However, a mixed effects meta-analysis model can account for the fact that some measures may be confounded with design features in the available literature (e.g., if only one research group has published results with a particular measure, then it will be harder to tease apart characteristics of the measure from the set of design factors used by the group). Multivariate meta-analyses can disentangle the effects of design artifact from the differences between measures, allowing direct comparison of measure performance (Viechtbauer, 2010). Clinicians would want to know which measure to use for high stakes decisions, and researchers could enhance studies by switching to the more valid measure.

Research Questions/Hypotheses[edit | edit source]

We expected the average effect size to be large, reflecting a big standardized difference in mean scores for those with bipolar versus other conditions. However, we also expected the effect sizes to show significant heterogeneity, and we had specific hypotheses about moderating variables. Based on the few prior within-sample comparisons, we predicted that caregiver report would show larger average effect sizes than youth or teacher report. We also hypothesized that scale content would matter: measures that ask about symptoms more specific to mania should show larger overall effect sizes than measures that focus on externalizing symptoms in general, or that combine components originally designed to assess depression, attention problems, and aggressive behavior.[29][96] A third hypothesis was that studies that only directly interviewed the caregiver would produce larger effect size estimates than those that included direct interview and observation of the youth as part of the criterion diagnosis, due to shared source variance. A fourth hypothesis was that the use of more “distilled” samples that identify more homogeneous and symptomatic cases of bipolar, exclude diagnoses that frequently are difficult to distinguish from bipolar, or that include healthy controls in the comparison group, would yield much larger effect sizes.
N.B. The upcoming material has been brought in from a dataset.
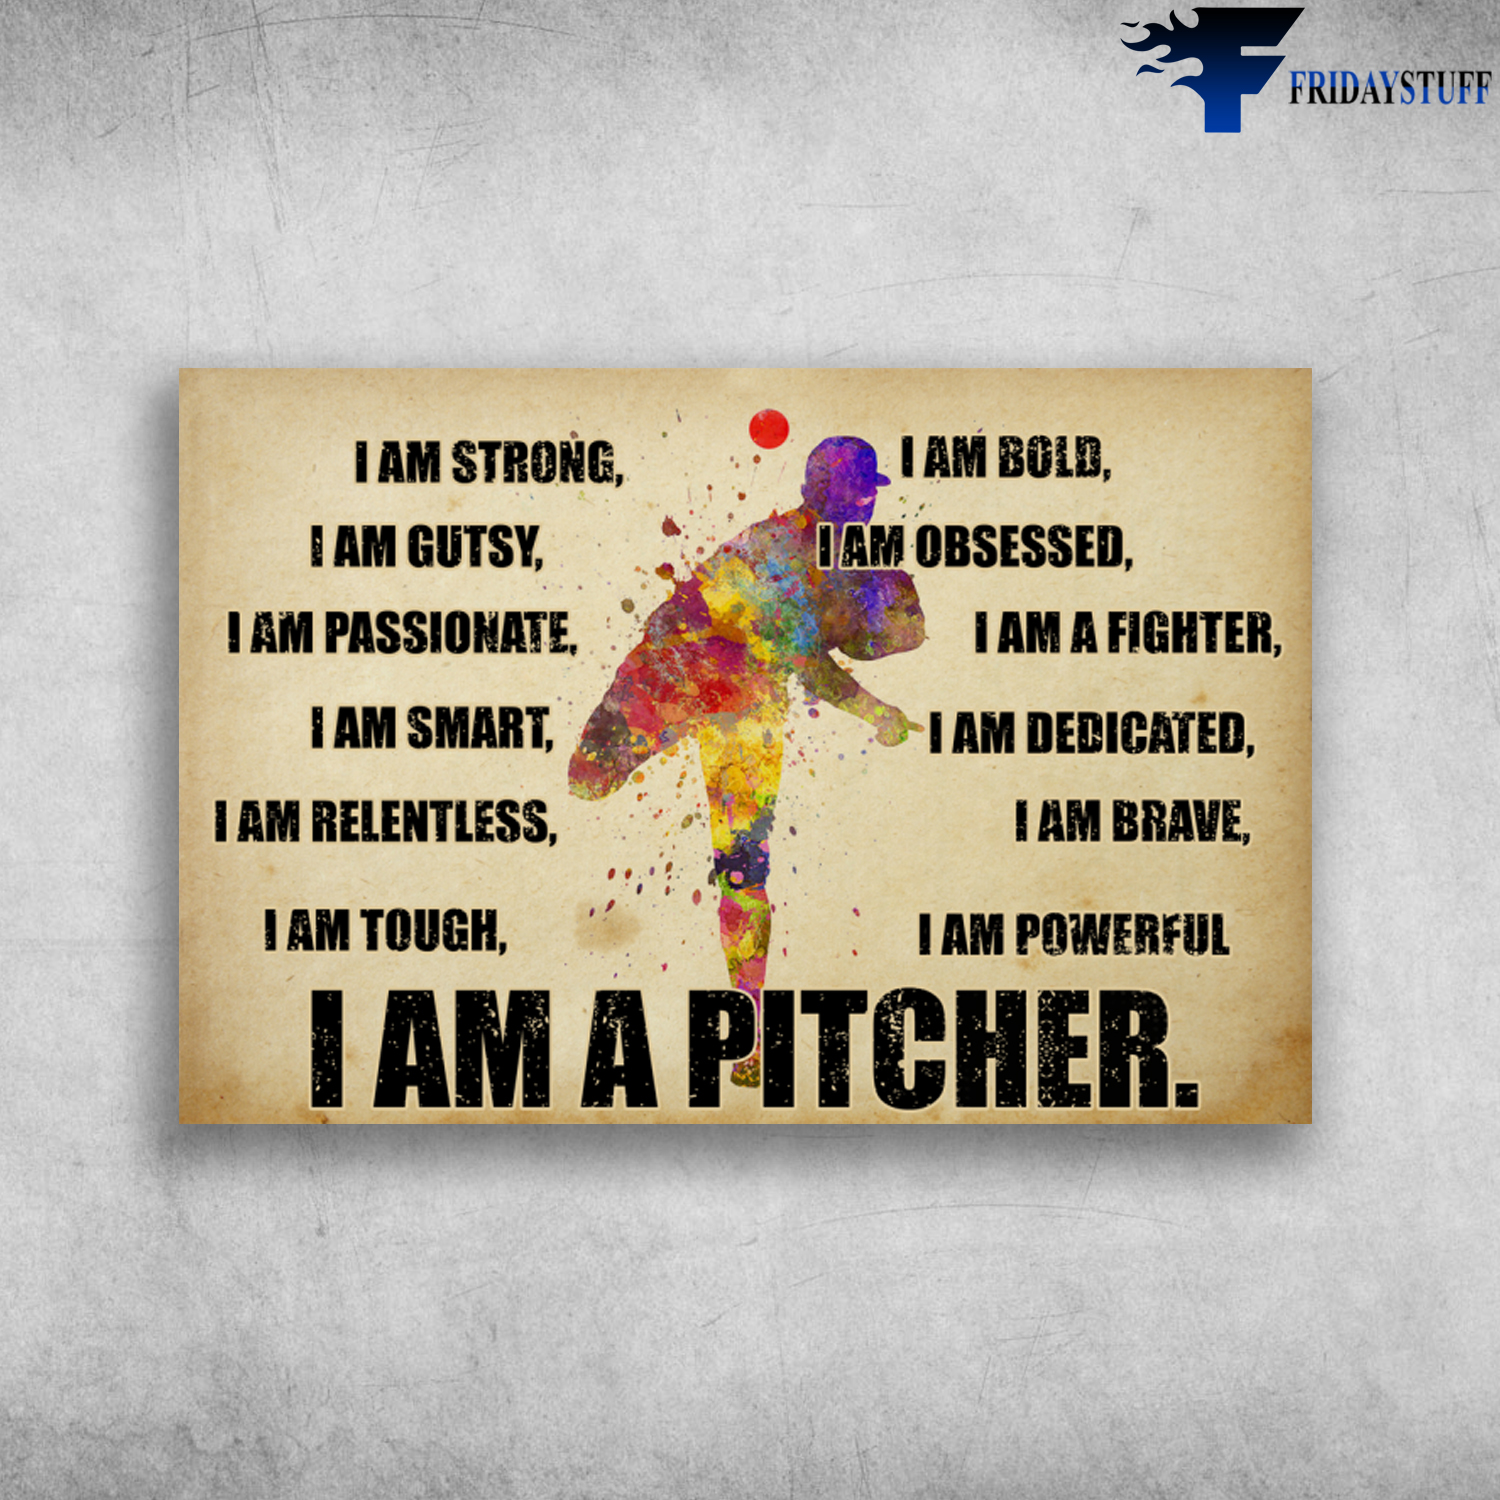 I Am A Pitcher - I Am Strong, I Am Gutsy, I Am Passionate, I Am Smart

We hypothesized that all moderators would remain significant when entered together in the regression models. If “distilled design” was a significant moderator, we would give primacy to the “nondistilled” estimates of effect size as more clinically generalizable, and treat them as the main focus of discussion. Similarly, if interview strategy (including the youth versus relying only on the caregiver) moderated results, then the results based on integrated interviews would take precedence, as they would be less affected by shared source variance. We explored whether there were significant differences between scales after controlling for moderators, but anticipated that the variability between samples, combined with the number of multiple comparisons, would make those results tentative. Sensitivity analyses examined whether results changed substantively after controlling for quality of design (following the scheme used in Kowatch et al., 2005) or quality of reporting (using the recommended QUADAS-2 tool developed to operationalize the STARD Guidelines).[97]  

Method[edit | edit source]

Inclusion and Exclusion Criteria[edit | edit source]

Studies were included if they reported (a) cases with a diagnosis of a bipolar spectrum disorder made via a structured or semi-structured interview, (b) as well as a comparison group, (c) with both groups completing the same checklists assessing manic, hypomanic, or externalizing symptoms, (d) with data reported for participants 18 years or younger. Cases could be drawn from clinical or community samples. Exclusion criteria included having fewer than 10 cases with bipolar diagnoses (per Kraemer, 1992; to provide reasonably stable estimates of diagnostic sensitivity) (examples of excluded cases are cited),[98] not including a rating scale,[99] not publishing results in an English format (note that we did not find any studies that had usable effect sizes that had been published in other languages), only having data for the bipolar group and no comparison group,[100] only reporting clinical diagnoses based on chart review or unstructured interviews.[87] We limited the search period to 1993 and later so that the DSM-IV criteria would be available and used. Functionally, there were no group comparison studies published prior to then on the topic anyway; only case reports.[101] There were no geographical or cultural restrictions. Studies with adult samples were included only if they reported sufficient information about the subset of cases 18 years and younger. This resulted in exclusion of several studies that were reviewed in Waugh et al. (exclusions here: [102][103][104][105]). We excluded effect sizes and studies where the groups were not defined by diagnostic interviews, but instead by proxy definitions of bipolarity based on rating scales, such as the CBCL proxy,[106][107] elevated scores on a parent-reported mania scale,[108] or “corroborated” mania reported by multiple informants on the same rating scale.[41] These scenarios involve criterion contamination, where the scores on the measure contributed directly to the determination of the criterion “diagnosis” definition.[79][81] Per DSM-IV, bipolar spectrum diagnoses could include bipolar I, bipolar II, cyclothymic disorder, and bipolar Not Otherwise Specified (NOS). All studies included in the analysis reported that they used DSM-IV criteria, but the publications did not report effect sizes separately for the different bipolar diagnoses, so it was not possible to estimate effect sizes for each type of bipolar disorder.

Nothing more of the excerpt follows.